Problems with Googlebot fetching my robots.txt file

Home Forums BulletProof Security Free Problems with Googlebot fetching my robots.txt file

This topic contains 2 replies, has 2 voices, and was last updated by  AITpro Admin 3 years, 4 months ago.

Viewing 3 posts - 1 through 3 (of 3 total)
  • Author
    Posts
  • #21452

    Mike
    Participant

    First I want to say that I searched for Googlebot and robots.txt for issues with BPS on these forums. While I found a few people over the past couple years who had problems none of them sounded like my issue. I also want to say, that I don’t think that this is a BPS issue, but maybe a recent issue with the Googlebot.

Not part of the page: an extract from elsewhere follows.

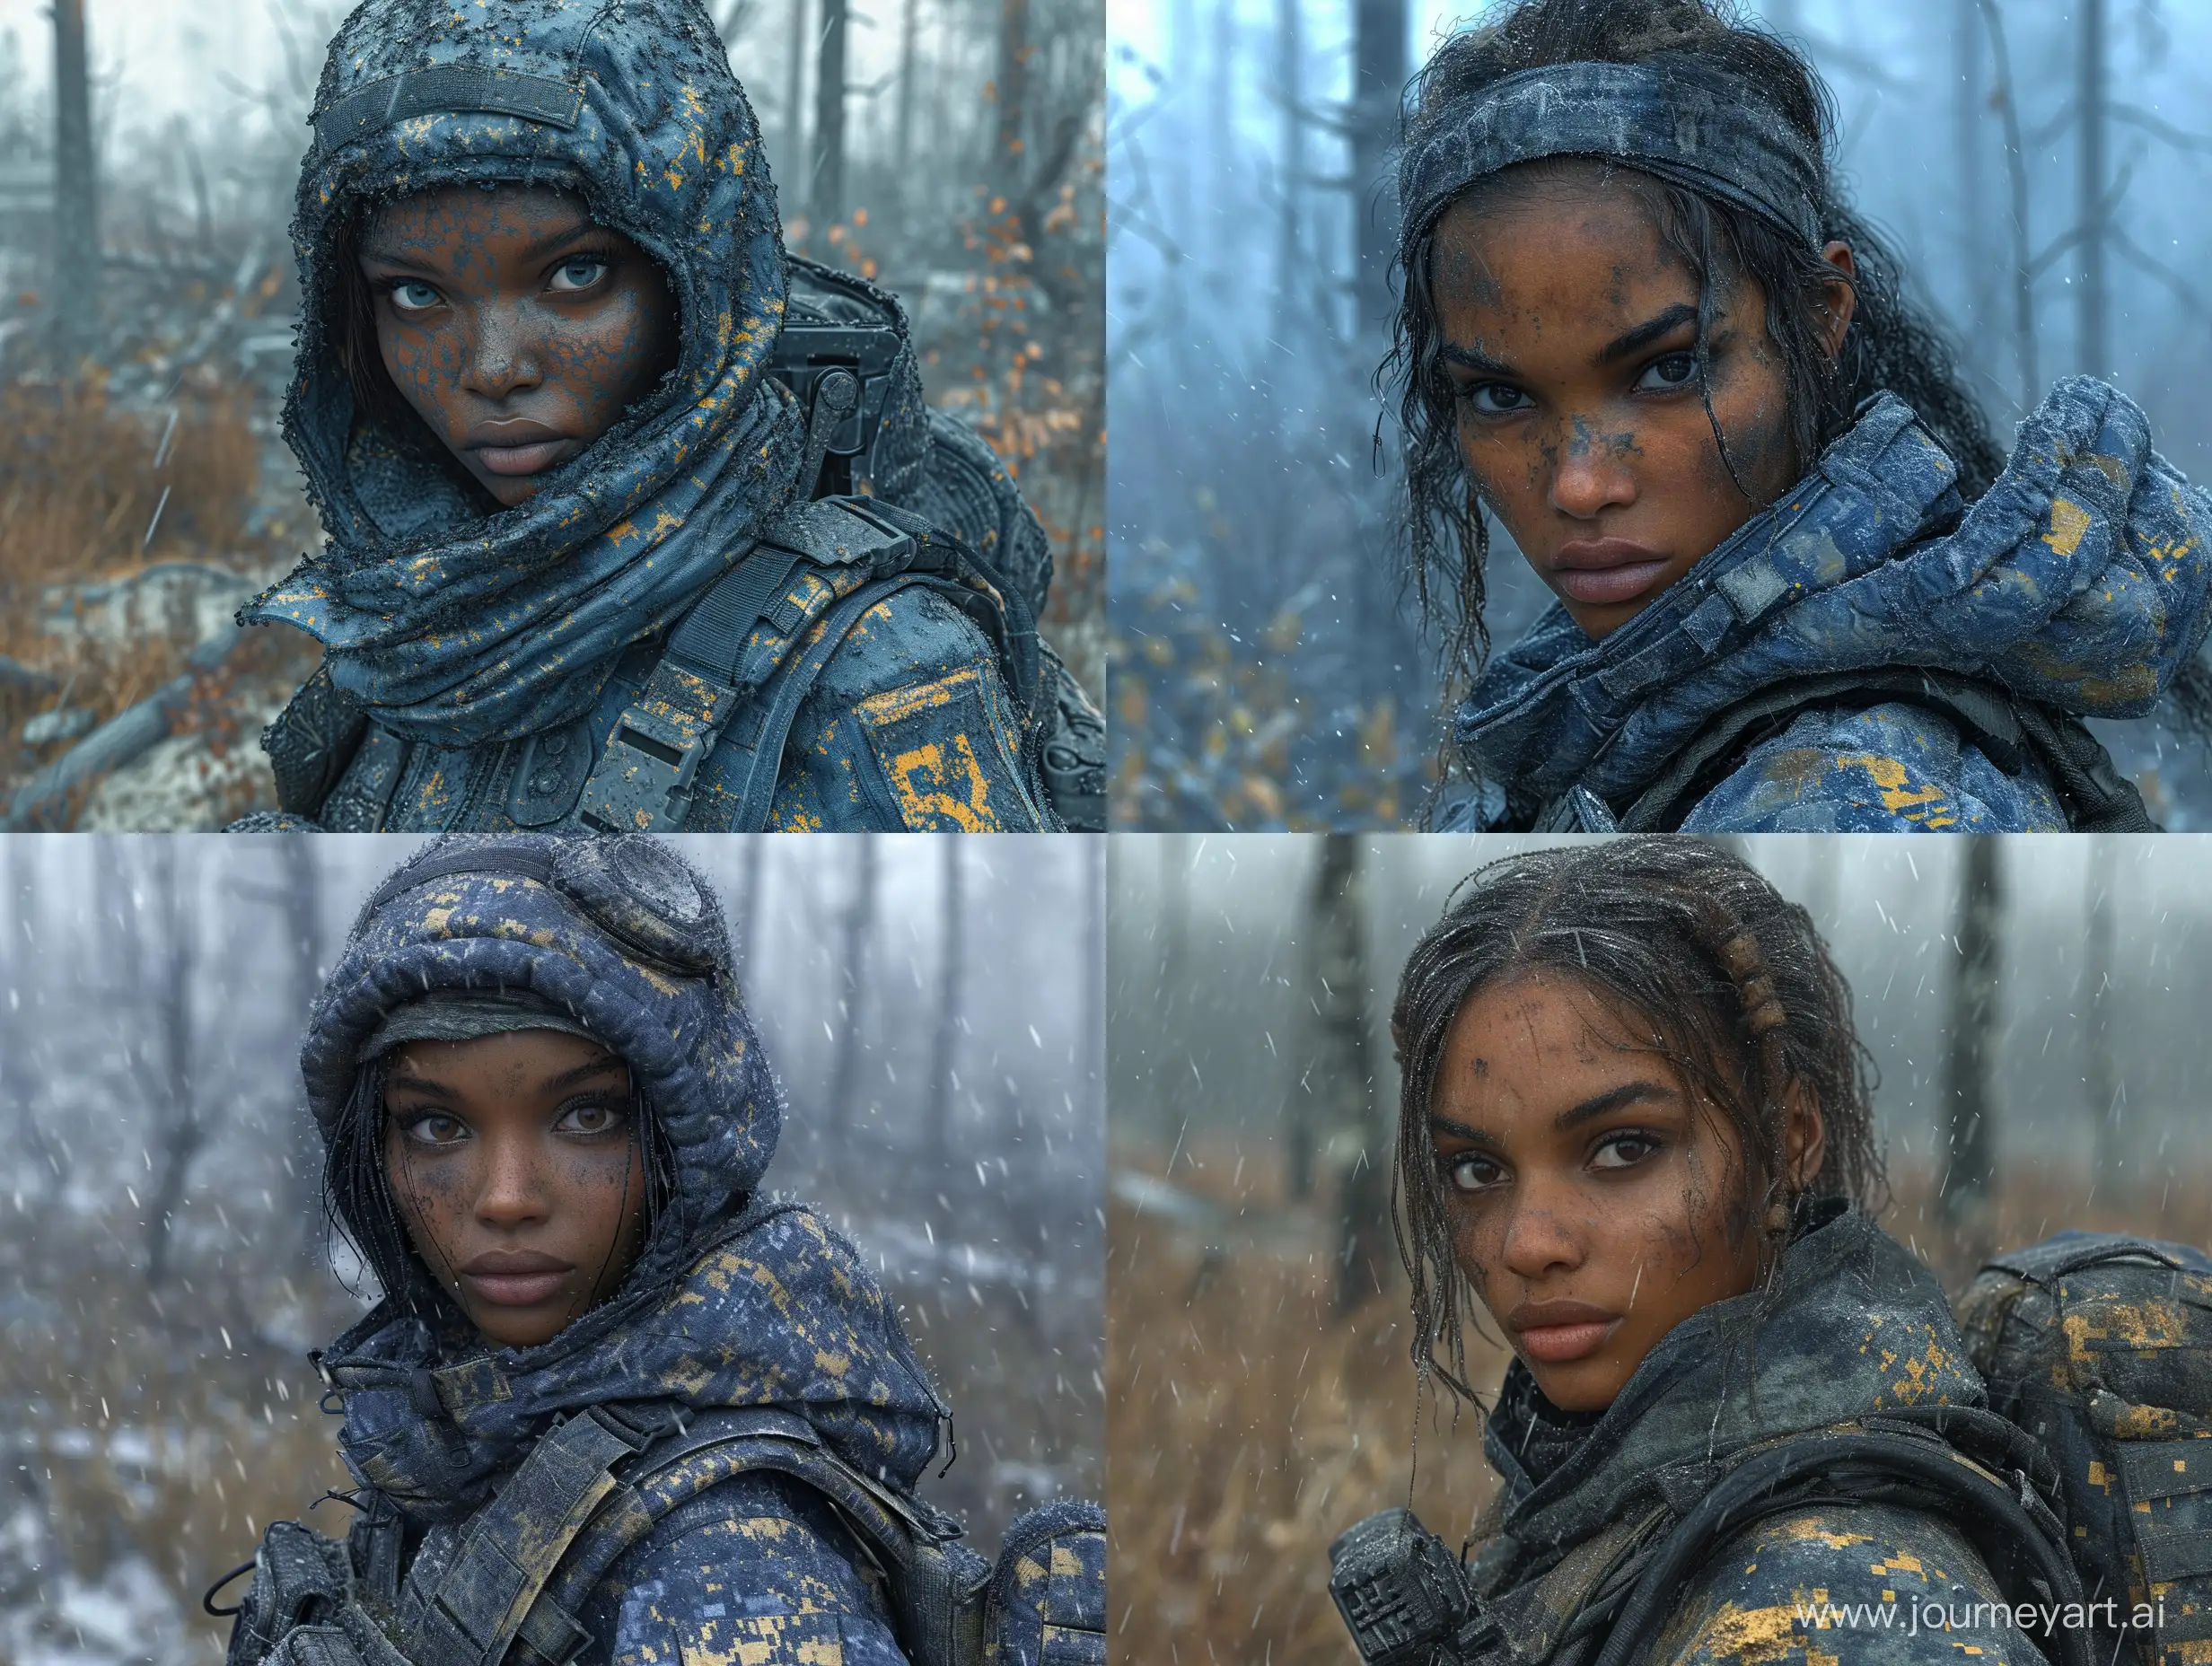 Stunning-Mulatto-Female-Mercenary-in-STALKER-Video-Game

    I’ve been running BPS for probably a year now. For the most part it’s been pretty smooth, but occasionally I’ll run into a problem like this. Earlier today I received an e-mail from Google about one of my two websites about not being able to access my robots.txt file. I had no problem getting to this file and it’s a static file that sits on my server and it hasn’t changed in quite a while. I hadn’t even taken many plugin upgrades lately, but I did the typical problem solving stuff, and hours later I narrowed it down to my .htaccess file. Specifically to some custom code I had entered a long time ago. I think I got that code from a post here on the forums or from some additional BPS security optional code to add. Again, from searching this forum, it sounds like a few people here use this code.

    Here is the code in question:

    # REQUEST METHODS FILTERED
    # This filter is for blocking junk bots and spam bots from making a HEAD request, but may also block some
    # HEAD request from bots that you want to allow in certains cases. This is not a security filter and is just
    # a nuisance filter. This filter will not block any important bots like the google bot. If you want to allow
    # all bots to make a HEAD request then remove HEAD from the Request Method filter.
    # The TRACE, DELETE, TRACK and DEBUG request methods should never be allowed against your website.
    RewriteEngine On
    RewriteCond %{REQUEST_METHOD} ^(TRACE|DELETE|TRACK|DEBUG) [NC]
    RewriteRule ^(.*)$ - [F,L]

    Like I said, I’ve probably been using this code for at least 6 months if not closer to a year, and I never had a problem with Googlebot or my robots.txt file. I did remove the “HEAD” option as suggested so that my website uptime tracker bot could hit the site without problems. Well, now today as of 3/17/2015, this code apparently doesn’t allow Googlebot to fetch my robots.txt file. I have fixed this problem (for both of my websites), by removing the “TRACE” and “DEBUG” options. After doing this Googlebot had no problem once again accessing my robots.txt file. And yes, I did need to delete both, just removing one of those options did not allow the file to be fetched. I also tested probably between 10 and 20 different configurations and it was consistent in when it would work and when it wouldn’t, so I don’t think it was random coincidence.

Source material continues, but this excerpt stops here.